Al die inspanningen hebben er toe geleid dat jaarlijks 2.500.000 euro ingezet wordt via Vlabzorginvest om de achterstand in te halen.
"Het raakte mij erg dat ook de welzijnswerking, waar wij in Vlaams-Brabant zo’n lange weg hadden afgelegd, moest stopgezet worden', zegt Monique Swinnen.
Zorgen dat het geheel werkt
Monique Swinnen zorgde mee voor de uitbouw van de ondersteunende diensten, zoals facilitair beheer, organisatie en planning, communicatie, griffie, gebouwen, data & analyse en financiën. Ze zorgde steeds dat het budget van de provincie in evenwicht bleef.

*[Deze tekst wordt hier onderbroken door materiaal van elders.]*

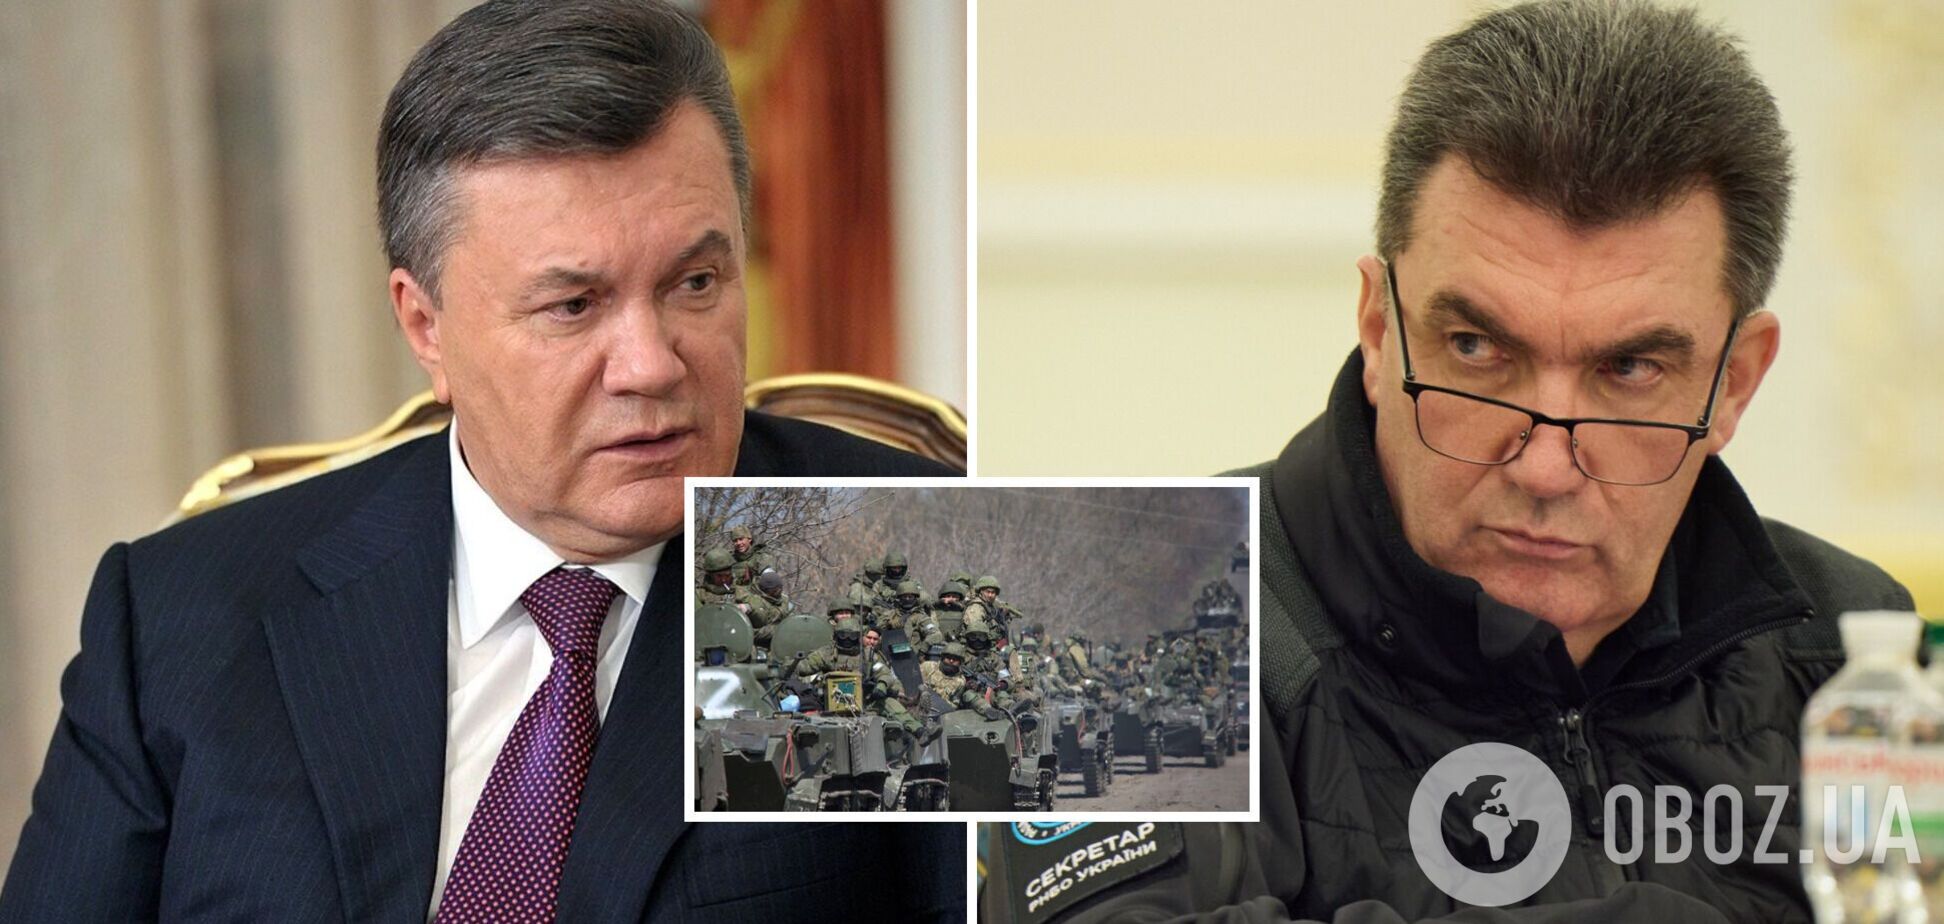 Янукович 7 марта уже ждал в Минске, это был дедлайн Кремля по захвату половины Украины, – Данилов

“Zelf zegt ze hierover: “De ondersteunende diensten zijn binnen de administratie vaak minder zichtbaar maar ze zijn noodzakelijk om het geheel van de werking mogelijk te maken”.
“Velen gaan haar missen want ze was een politica met visie, werkkracht en bekwaamheid”, besluiten haar collega-gedeputeerden Tom Dehaene, Ann Schevenels en Bart Nevens.